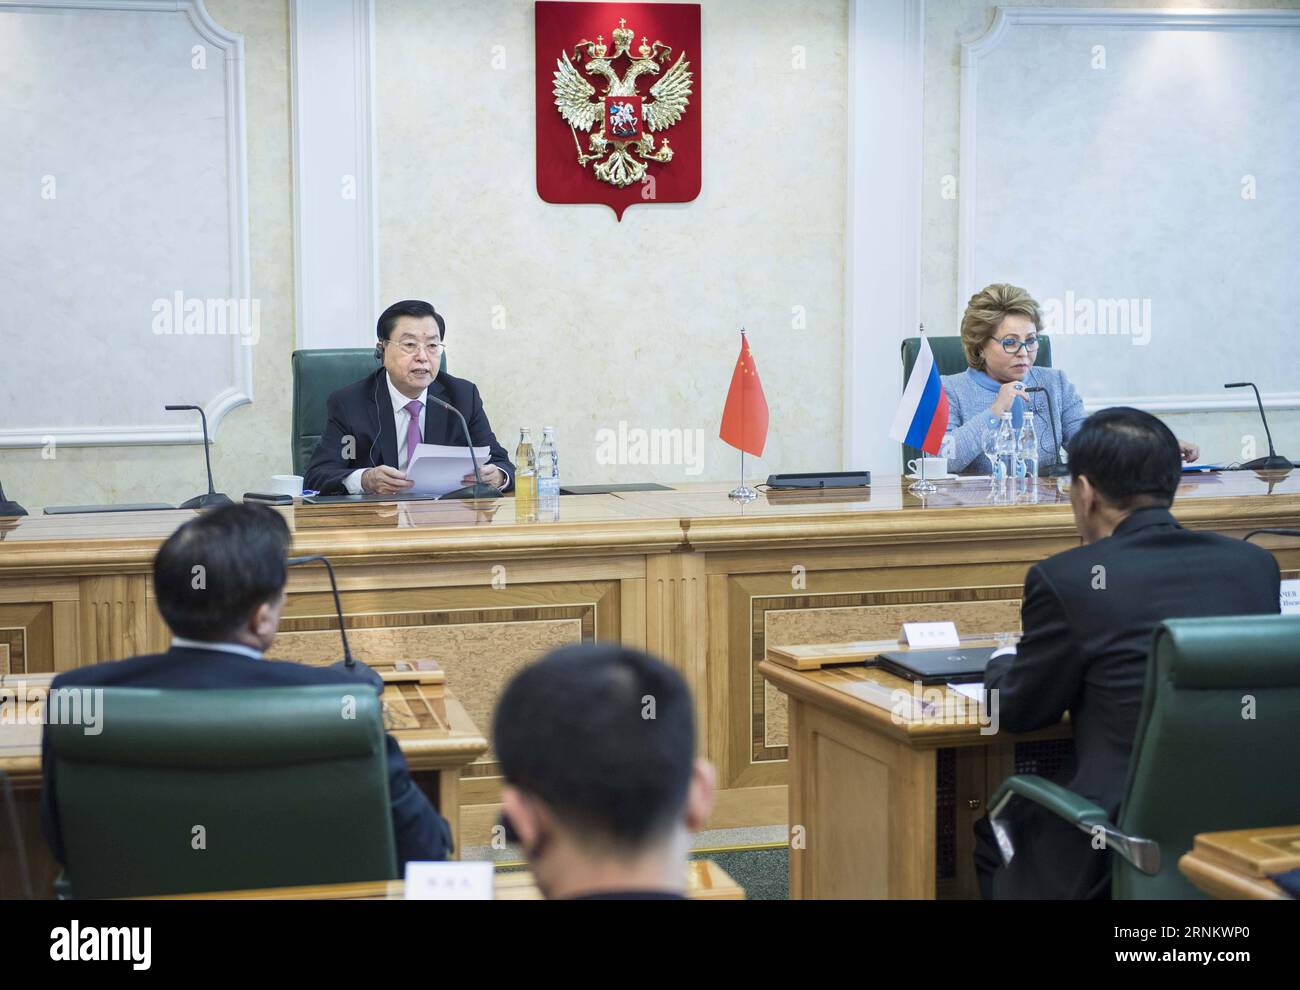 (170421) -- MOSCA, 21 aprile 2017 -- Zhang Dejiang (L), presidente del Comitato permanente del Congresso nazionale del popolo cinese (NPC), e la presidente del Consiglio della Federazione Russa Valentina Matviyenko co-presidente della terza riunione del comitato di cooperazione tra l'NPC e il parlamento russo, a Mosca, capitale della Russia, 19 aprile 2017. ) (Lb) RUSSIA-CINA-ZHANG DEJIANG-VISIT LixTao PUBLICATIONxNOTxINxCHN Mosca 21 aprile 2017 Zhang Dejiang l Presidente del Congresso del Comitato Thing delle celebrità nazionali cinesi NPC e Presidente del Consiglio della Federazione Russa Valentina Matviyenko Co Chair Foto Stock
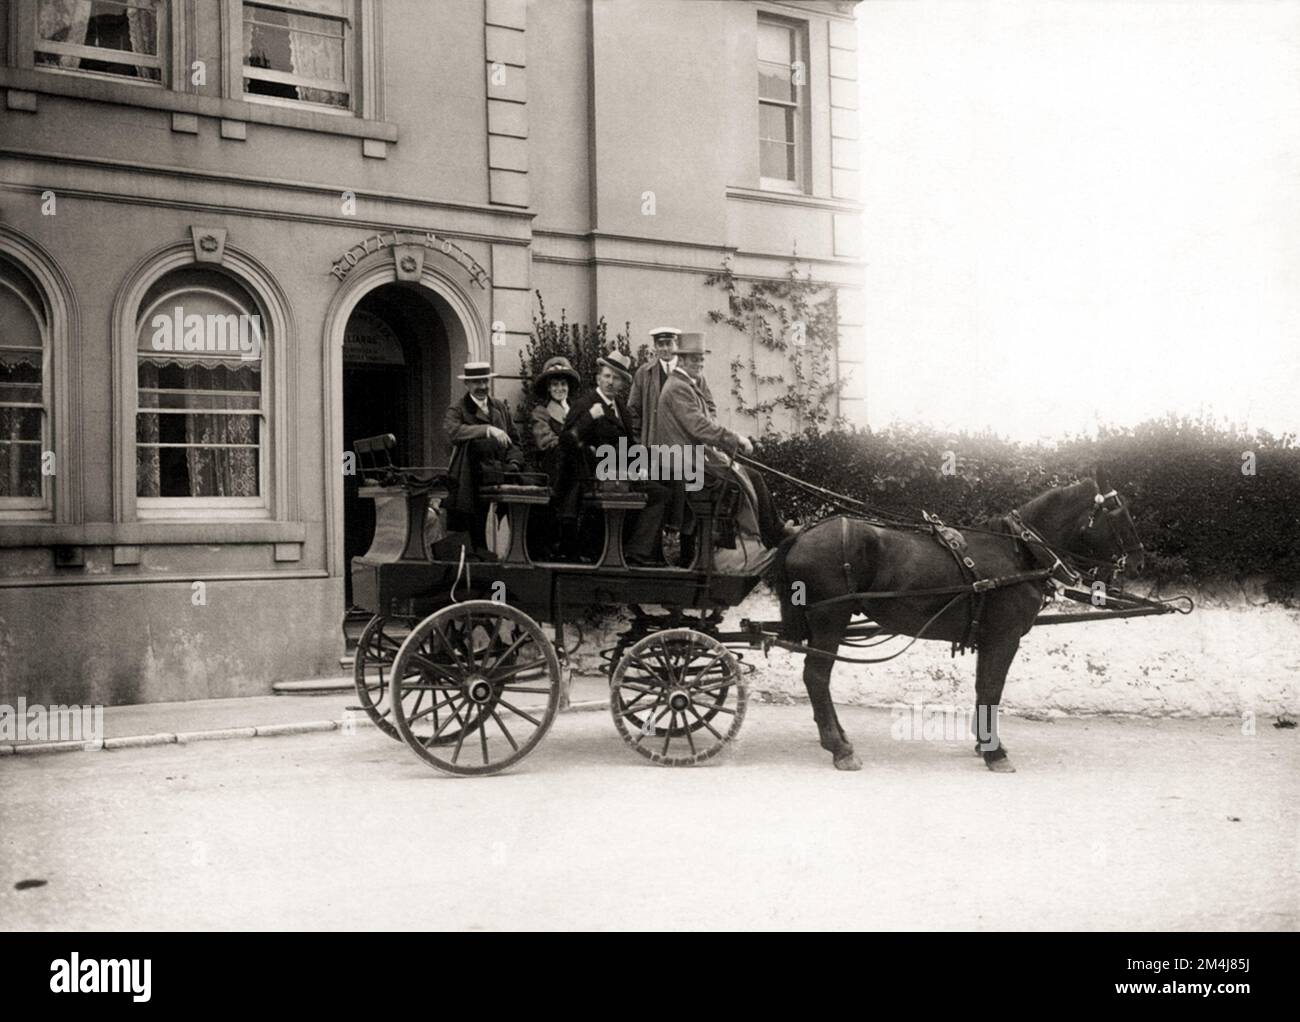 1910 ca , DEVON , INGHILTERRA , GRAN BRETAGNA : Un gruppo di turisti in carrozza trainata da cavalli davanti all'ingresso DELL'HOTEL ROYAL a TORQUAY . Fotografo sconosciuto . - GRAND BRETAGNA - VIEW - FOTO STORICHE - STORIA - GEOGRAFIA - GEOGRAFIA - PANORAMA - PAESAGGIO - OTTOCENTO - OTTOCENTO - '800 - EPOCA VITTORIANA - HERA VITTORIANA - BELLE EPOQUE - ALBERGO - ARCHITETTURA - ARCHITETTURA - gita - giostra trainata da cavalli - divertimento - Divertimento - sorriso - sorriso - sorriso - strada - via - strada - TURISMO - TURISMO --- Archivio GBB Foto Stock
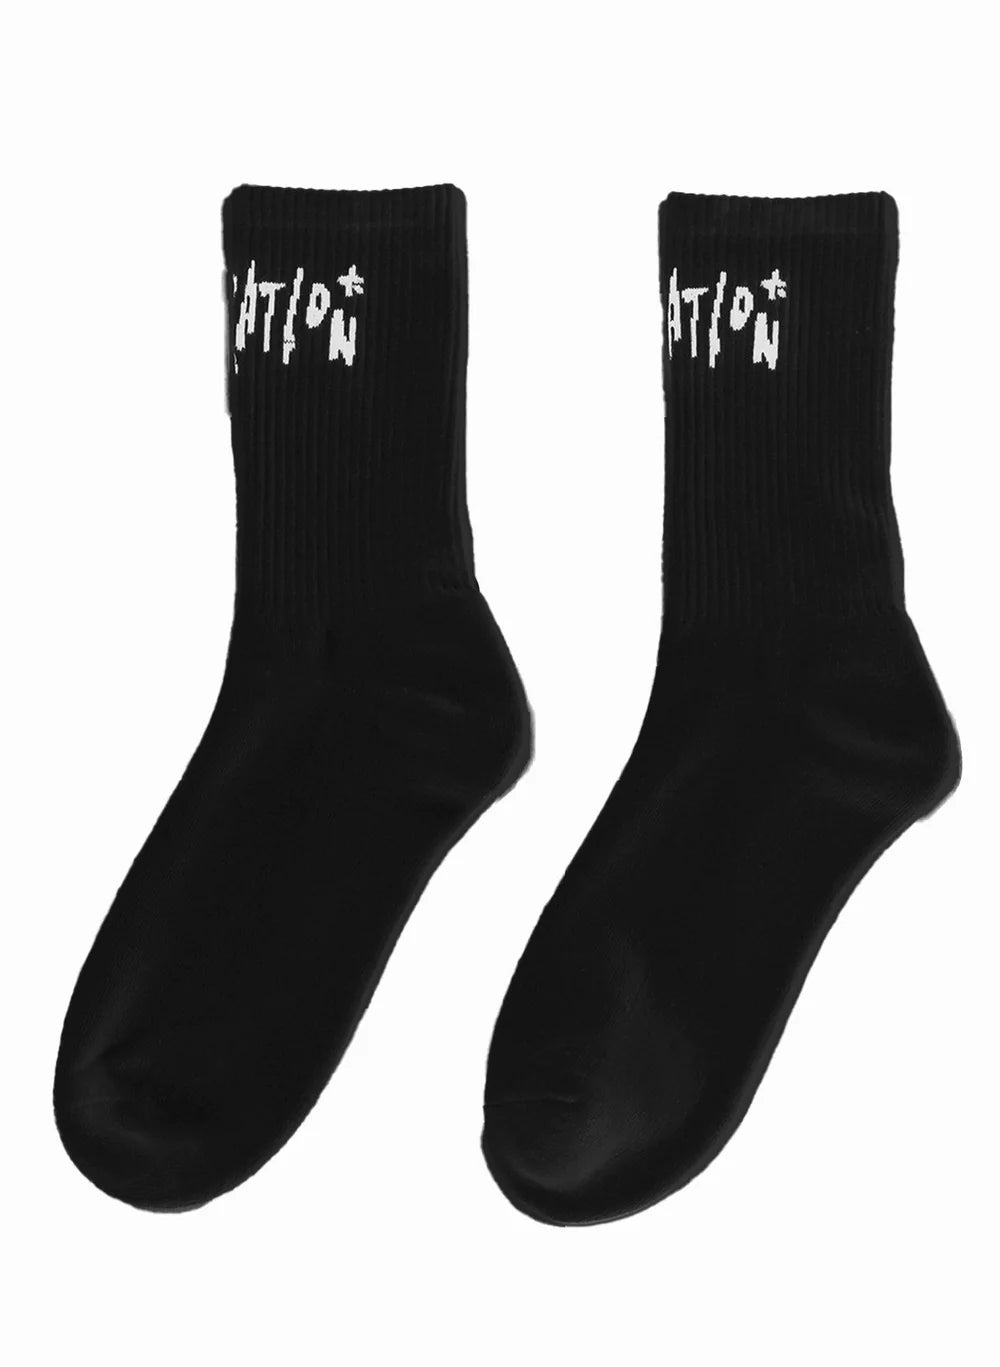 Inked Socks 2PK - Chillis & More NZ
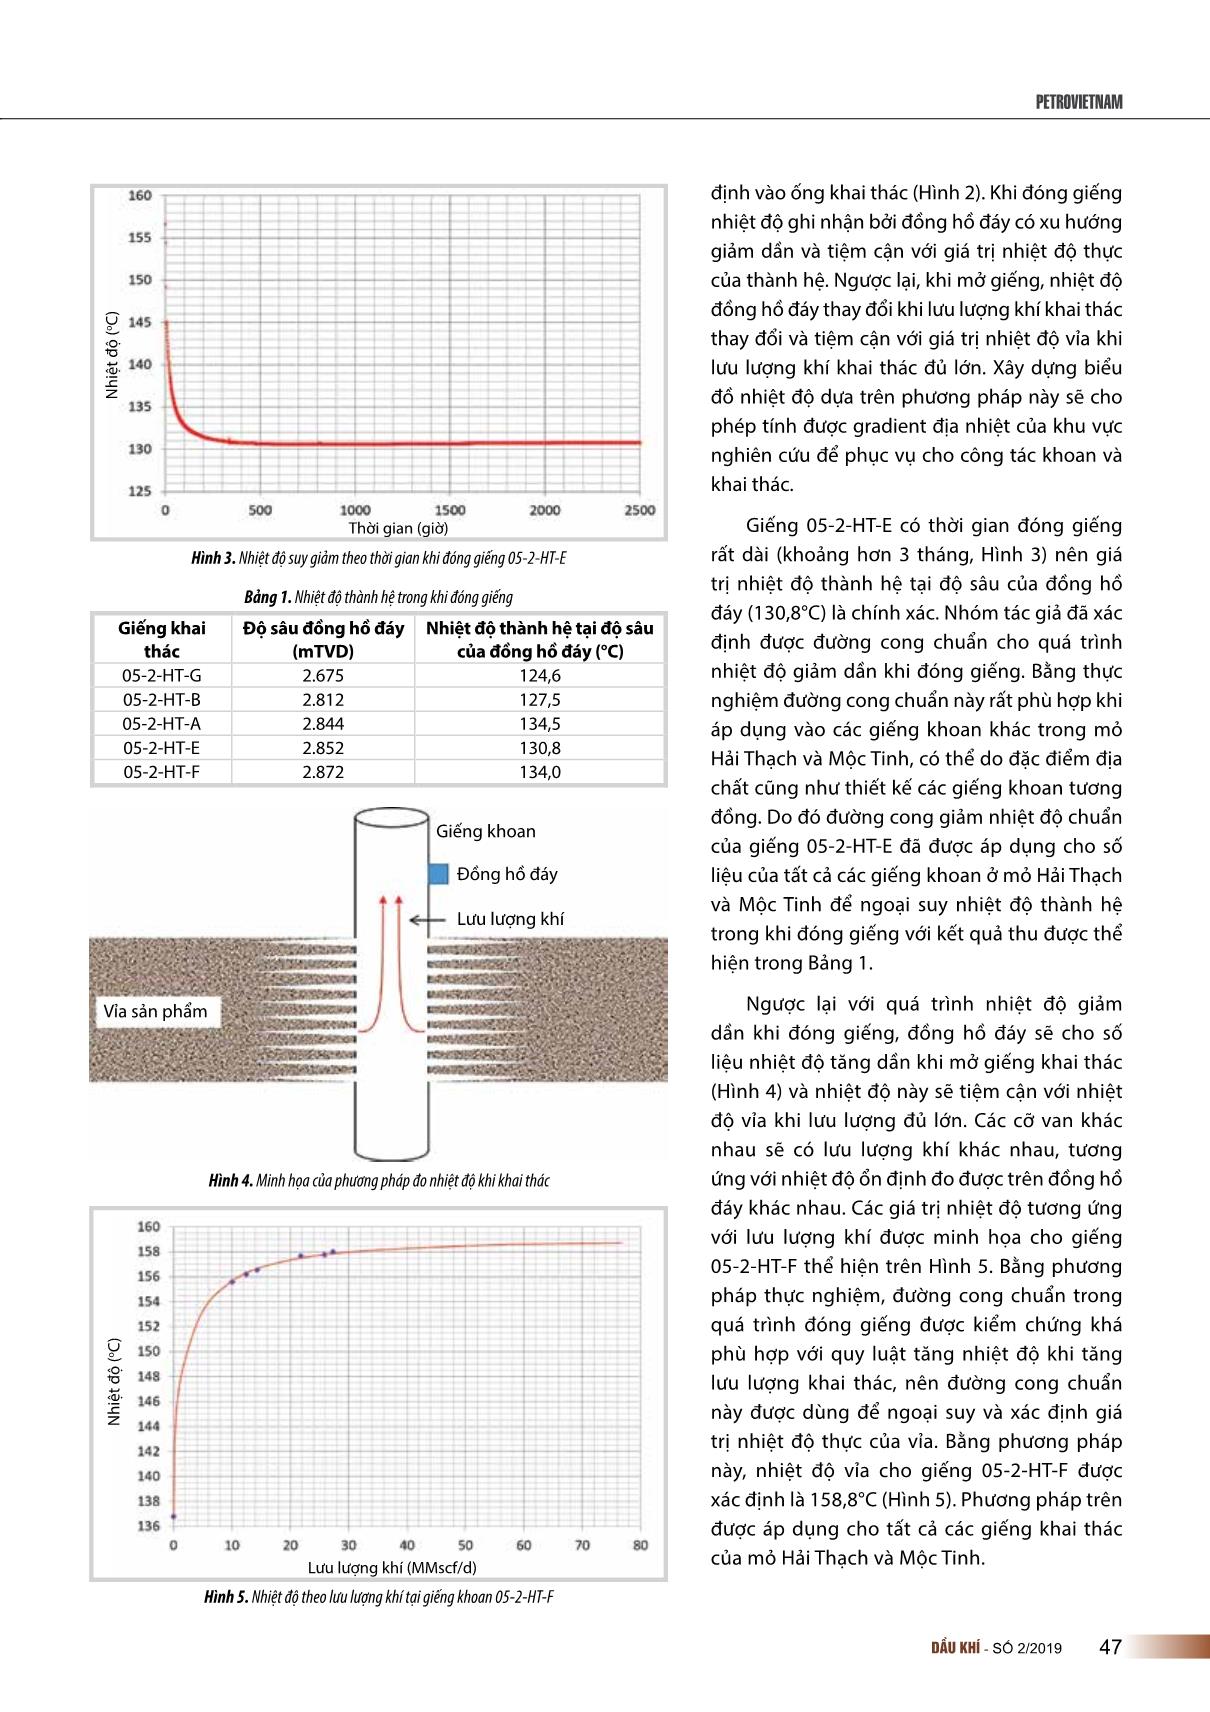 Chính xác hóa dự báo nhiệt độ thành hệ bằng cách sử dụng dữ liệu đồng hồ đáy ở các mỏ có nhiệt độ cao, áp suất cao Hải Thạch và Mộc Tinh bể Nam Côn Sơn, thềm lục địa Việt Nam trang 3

TRY IT. Retype the data above verbatim, minus images.

ANSWER FOR THIS EXERCISE.
 (170421) -- MOSCA, 21 aprile 2017 -- Zhang Dejiang (L), presidente del Comitato permanente del Congresso nazionale del popolo cinese (NPC), e la presidente del Consiglio della Federazione Russa Valentina Matviyenko co-presidente della terza riunione del comitato di cooperazione tra l'NPC e il parlamento russo, a Mosca, capitale della Russia, 19 aprile 2017. ) (Lb) RUSSIA-CINA-ZHANG DEJIANG-VISIT LixTao PUBLICATIONxNOTxINxCHN Mosca 21 aprile 2017 Zhang Dejiang l Presidente del Congresso del Comitato Thing delle celebrità nazionali cinesi NPC e Presidente del Consiglio della Federazione Russa Valentina Matviyenko Co Chair Foto Stock
 1910 ca , DEVON , INGHILTERRA , GRAN BRETAGNA : Un gruppo di turisti in carrozza trainata da cavalli davanti all'ingresso DELL'HOTEL ROYAL a TORQUAY . Fotografo sconosciuto . - GRAND BRETAGNA - VIEW - FOTO STORICHE - STORIA - GEOGRAFIA - GEOGRAFIA - PANORAMA - PAESAGGIO - OTTOCENTO - OTTOCENTO - '800 - EPOCA VITTORIANA - HERA VITTORIANA - BELLE EPOQUE - ALBERGO - ARCHITETTURA - ARCHITETTURA - gita - giostra trainata da cavalli - divertimento - Divertimento - sorriso - sorriso - sorriso - strada - via - strada - TURISMO - TURISMO --- Archivio GBB Foto Stock
 Inked Socks 2PK - Chillis & More NZ
 Chính xác hóa dự báo nhiệt độ thành hệ bằng cách sử dụng dữ liệu đồng hồ đáy ở các mỏ có nhiệt độ cao, áp suất cao Hải Thạch và Mộc Tinh bể Nam Côn Sơn, thềm lục địa Việt Nam trang 3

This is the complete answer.